Clinical Study | Open Access
Brian L. Cohen, Daniel J. Caruso, Prashanth Kanagarajah, Angelo E. Gousse, "Predictors of Response to Intradetrusor Botulinum Toxin-A Injections in Patients with Idiopathic Overactive Bladder", Advances in Urology, vol. 2009, Article ID 328364, 4 pages, 2009. https://doi.org/10.1155/2009/328364
Predictors of Response to Intradetrusor Botulinum Toxin-A Injections in Patients with Idiopathic Overactive Bladder
Objectives. To evaluate whether there are any demographic or urodynamic differences in patients with idiopathic overactive bladder (I-OAB) that respond and do not respond to intradetrusor injections of botulinum toxin-A (BTX-A). Methods. This represents a secondary analysis of data collected from an investigator initiated randomized trial designed to evaluate clinical differences in outcomes for 100 versus 150 U BTX-A in patients with I-OAB. Preinjection demographic and urodynamic data were collected. Patients were evaluated 12 weeks after injection and were determined to be responders or nonresponders as defined by our criteria. Statistical comparisons were made between groups. Results. In patients with overactive bladder without incontinence (OAB-Dry), there were no variables that could be used to predict response to BTX-A. On univariate analysis, younger patients with overactive bladder with incontinence (OAB-Wet) were more likely to respond to BTX-A than older patients. However, this relationship was no longer statistically significant on multivariate analysis. Conclusions. We were unable to identify any preinjection demographic or urodynamic parameters that could aid in predicting which patients will achieve clinical response to BTX-A. Future studies are necessary to further evaluate this question.
I-OAB is a highly prevalent condition in both the United States and Europe with millions of adults being affected by the disorder . Oral antimuscarinic agents have been the mainstay of treatment for patients with I-OAB; however they are associated with a high discontinuation rate either due to intolerable side effects or lack of efficacy. Alternative therapies in the form of sacral neuromodulation and more recently intradetrusor BTX-A injection are now becoming attractive alternatives for patients failing oral medications.
As newer surgical treatment options become available, improved understanding of both the mechanism of action and the ideal patient for each treatment is paramount considering the cost involved. Currently, little is known concerning the ability to predict which patients will or will not respond to sacral neuromodulation , and even less is known about which patient will respond to BTX-A therapy [3–5]. Therefore, we conducted a secondary analysis of patients enrolled in a prospective randomized trial comparing 2 doses of intradetrusor BTX-A therapy for I-OAB in order to determine any demographic or urodynamic (UDS) parameters that may assist in predicting which patients will respond to BTX-A.
2. Materials and Methods
This study is a secondary analysis from an ongoing, investigator initiated, IRB-approved, randomized, prospective study to evaluate symptomatic and UDS improvement in patients with I-OAB receiving either 100 or 150 U of BTX-A (Botox, Allergan, Irvine, Calif, USA).
From January 2002 until January 2008, 47 patients with I-OAB were randomized to receive either 100 or 150 U of BTX-A at a single center. All patients signed an informed consent prior to study enrollment. The study protocol has been approved by our Institutional Review Board.

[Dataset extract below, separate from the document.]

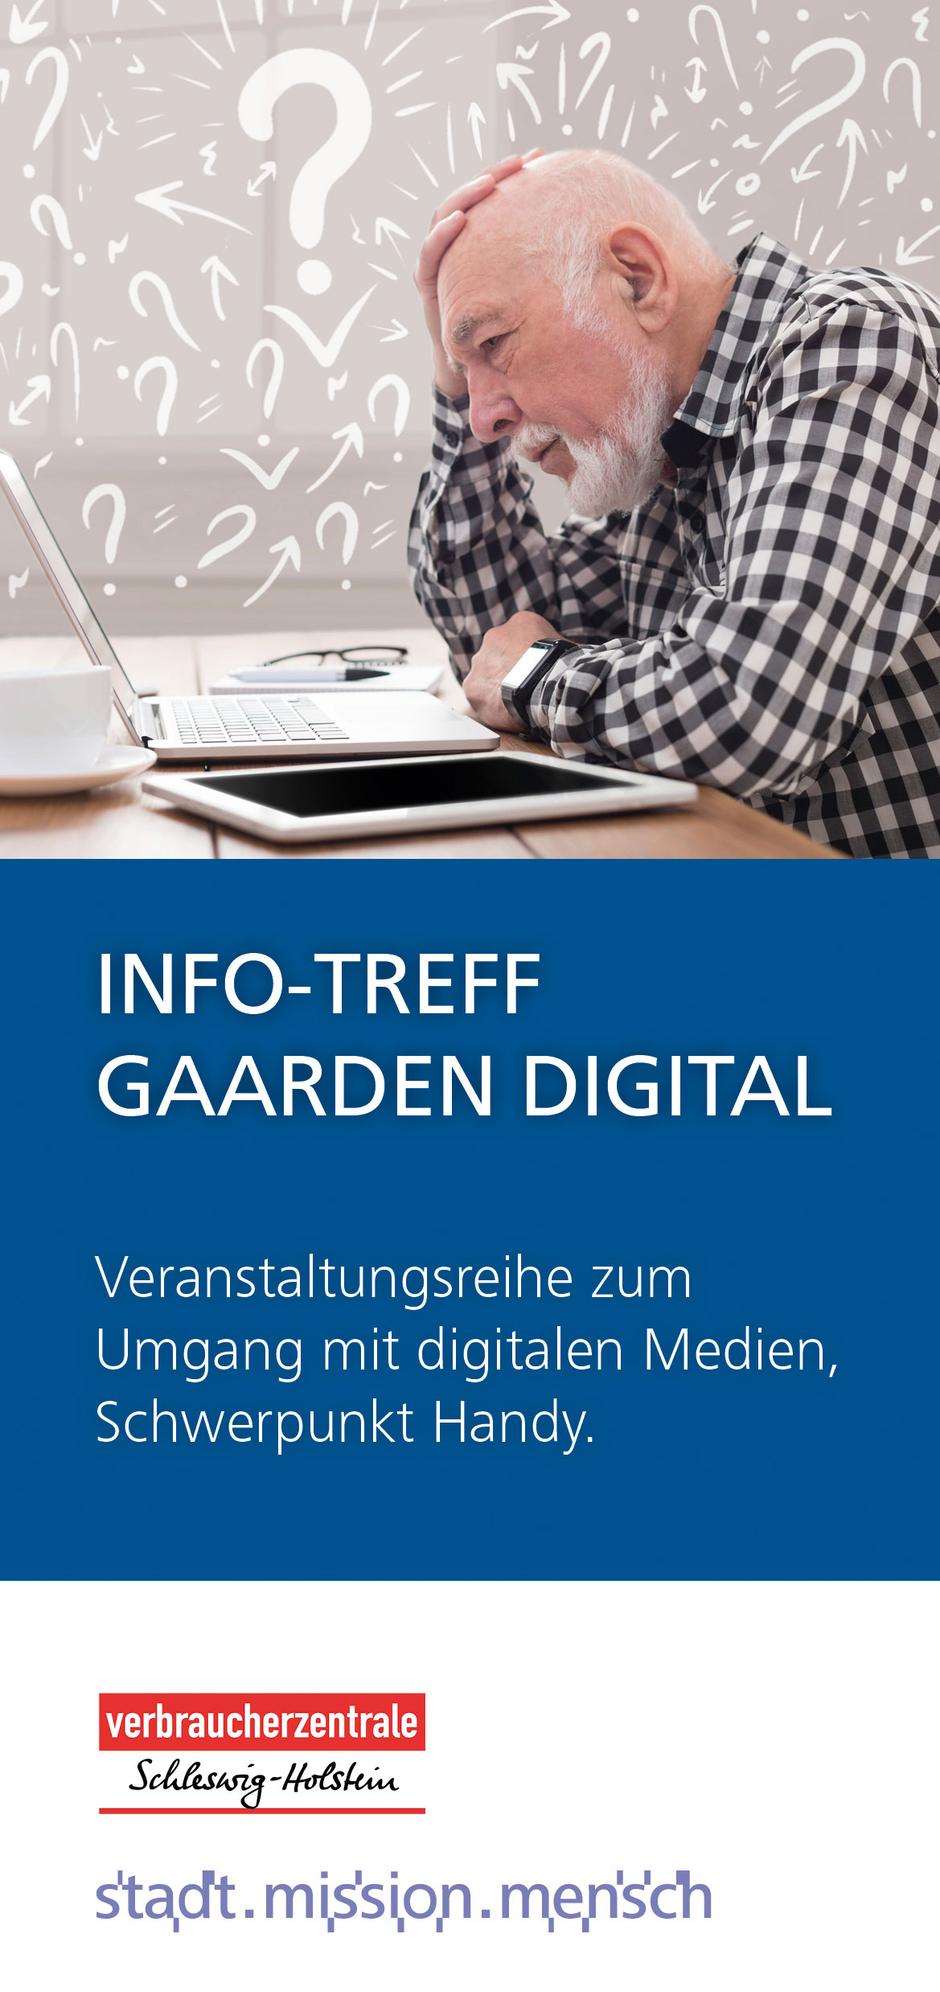 Info-Treff Gaarden Digital

Patients with I-OAB as defined by the International Continence Society (ICS) were eligible for the study , and UDS demonstration of detrusor overactivity (DO) was not a requirement for study eligibility. Patients were subclassified into 2 groups: OAB-Wet and OAB-dry. As per a three-day voiding diary (3-VD), patients with urgency and frequency of urination (8 voids per day) with at least one daily episode of urge urinary incontinence (UUI) were included within the OAB-wet group. OAB-Dry patients had urinary urgency, frequency 8 voids per day, and no complaint of UUI as documented by 3-VD. Subjects were required to have either failed or have been unable to tolerate treatment with at least 2 different antimuscarinic agents and have been treated with these agents for at least 2 months prior to enrollment. Subjects were required to discontinue all medications that could interfere with urethrovesical function 4 weeks prior to the first BTX-A injection.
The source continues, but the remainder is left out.